= Gertraud Geißler =

German classical pianist

Gertraud Geißler is a German pianist and university lecturer for piano playing and co-repetition at the Hochschule für Musik Carl Maria von Weber Dresden. In 1978 she won the Robert Schumann Prize of the City of Zwickau.
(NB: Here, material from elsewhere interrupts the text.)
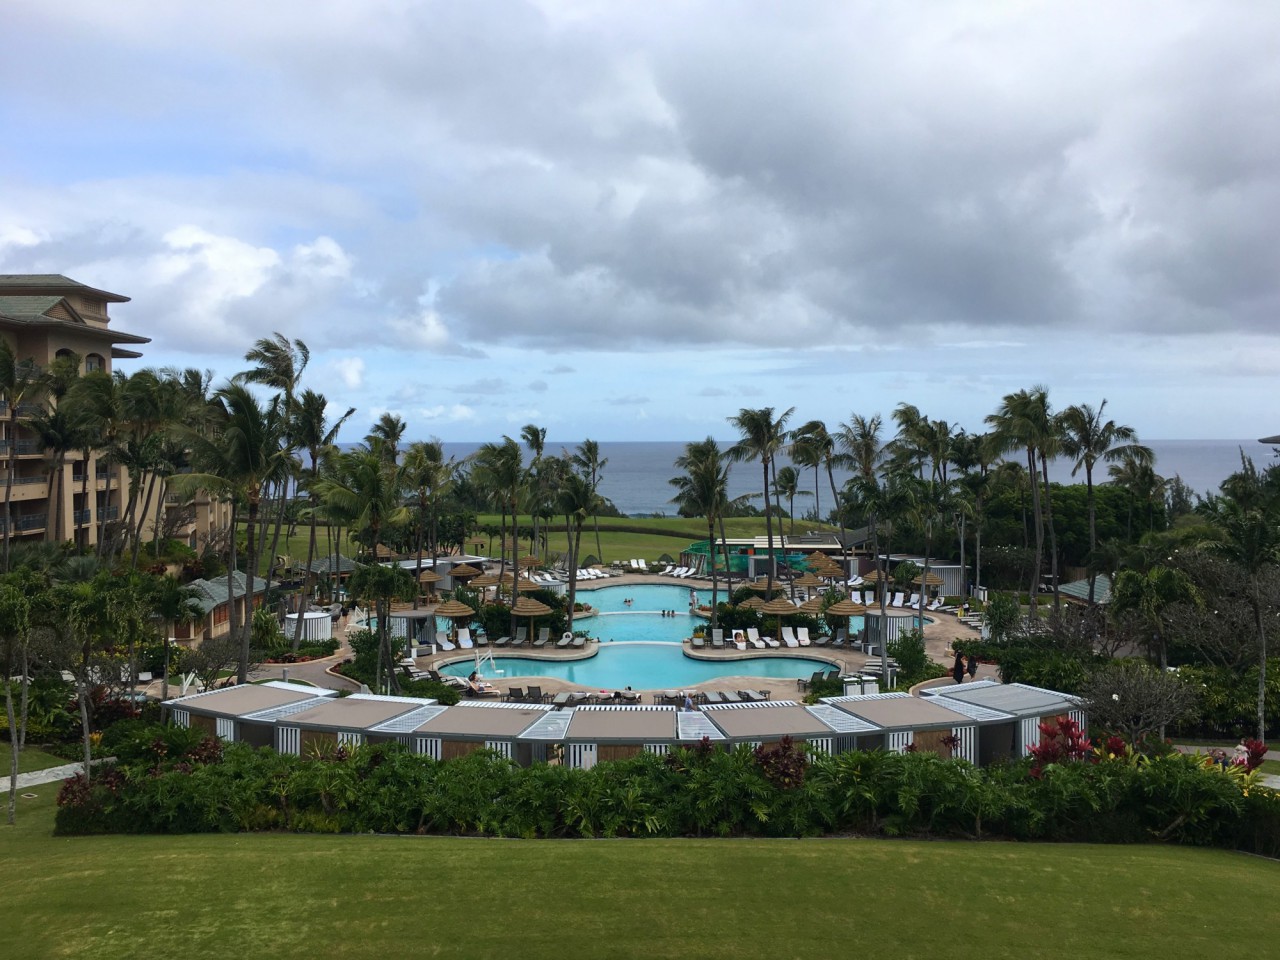 2019 Review: The Ritz-Carlton Kapalua, Maui
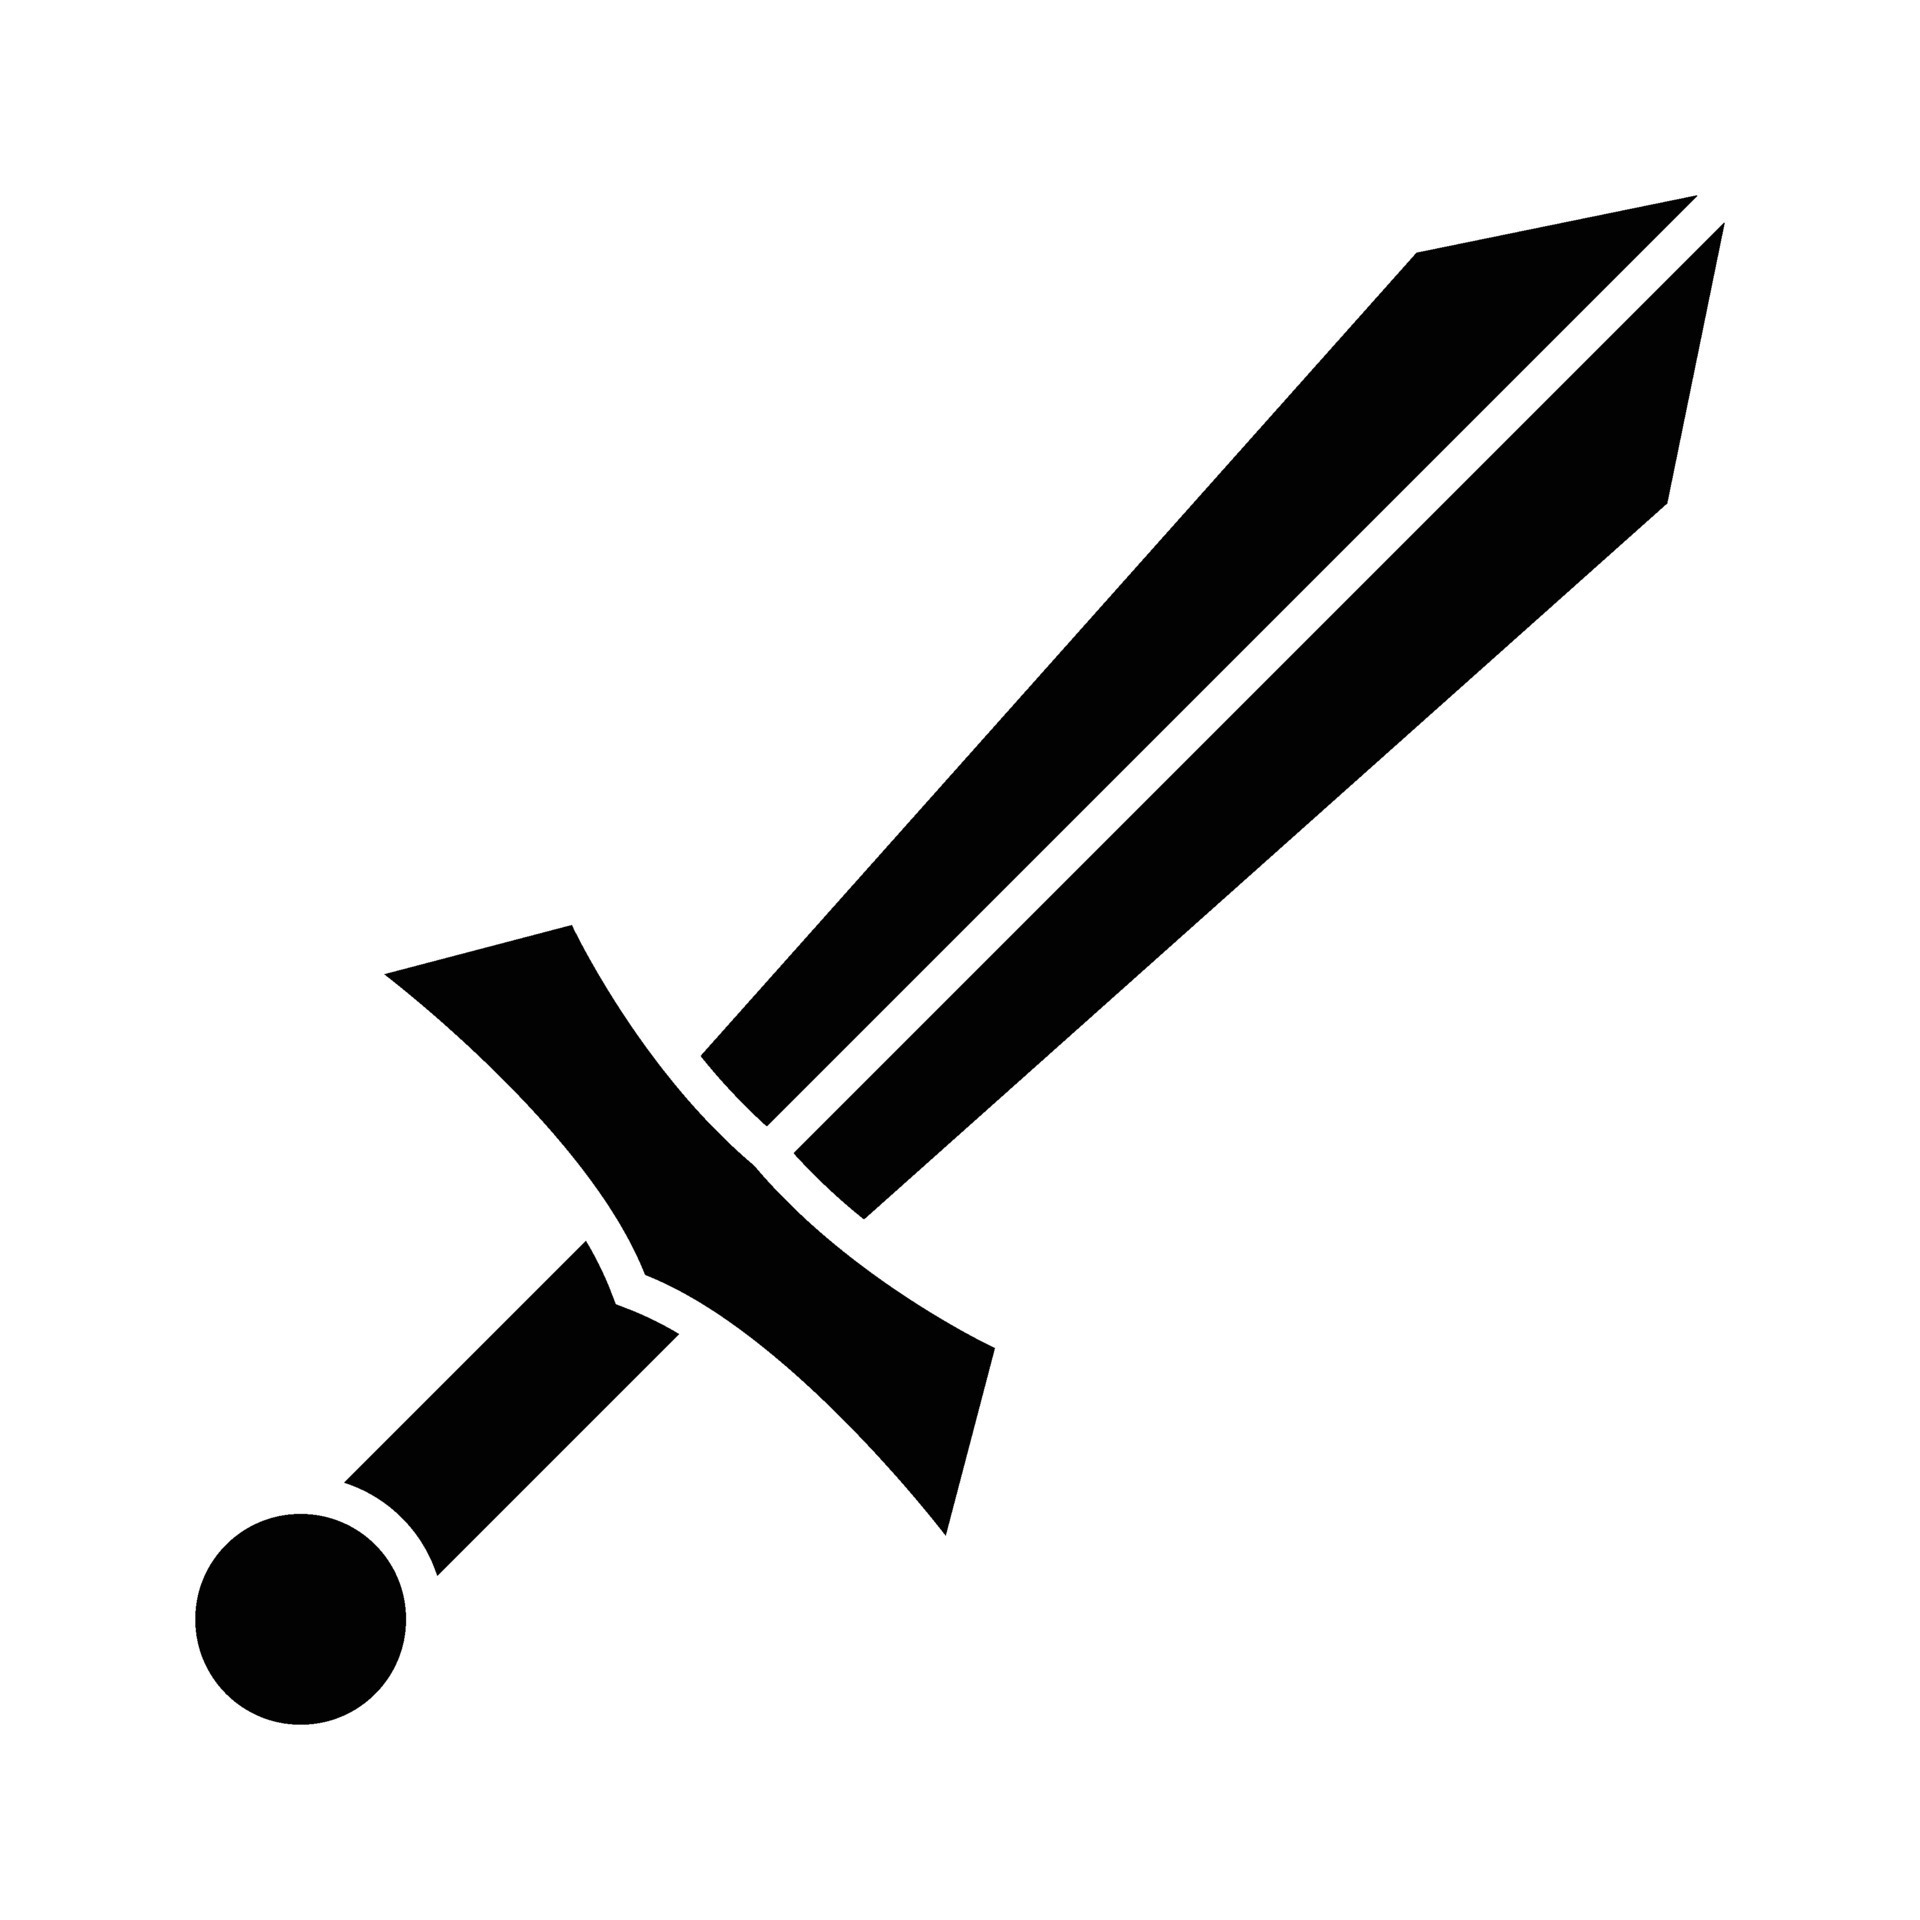 Sword Vector Glyph Icon Design Graphic by Manshagraphics · Creative Fabrica

Geisler gave several concerts with Trakl poems set to music by Paul Kurzbach, e.g. on the occasion of the hundredth birthday of this composer in the year 2002. She had already recorded with other artists and the composer himself these Trakl settings in 1987.

== Recording ==
- Wolfgang Lesser - Ein Tag in unserer Stadt / Fünf Lieder aus dem Dreistrophenkalender von Georg Maurer / Carl-Heinz Pick - Du schwarze Erde (Label: Nova - 885099, Viny LP, 1977) with Gertraud Geißler, Karl-Heinz Stryczek, Irene Werner, Günther Leib (artist)
- Kveta Konickova (soprano), Günter Philipp (piano), Gertraud Geißler (piano) et al.: ... und in der Stille singe ich - Lieder sorbischer Komponisten (Label: Nova - 885225, Vinyl LP, 1981)
- Paul Kurzbach, Werner Zeibig, Kammerchor Der Singakademie Karl-Marx-Stadt – Kontrabass Konzert • Choir • Trakl-Lieder (Label: Nova – 885270, Vinyl LP, 1987) with Gertraud Geißler as pianist bei den Trakl-Liedernist.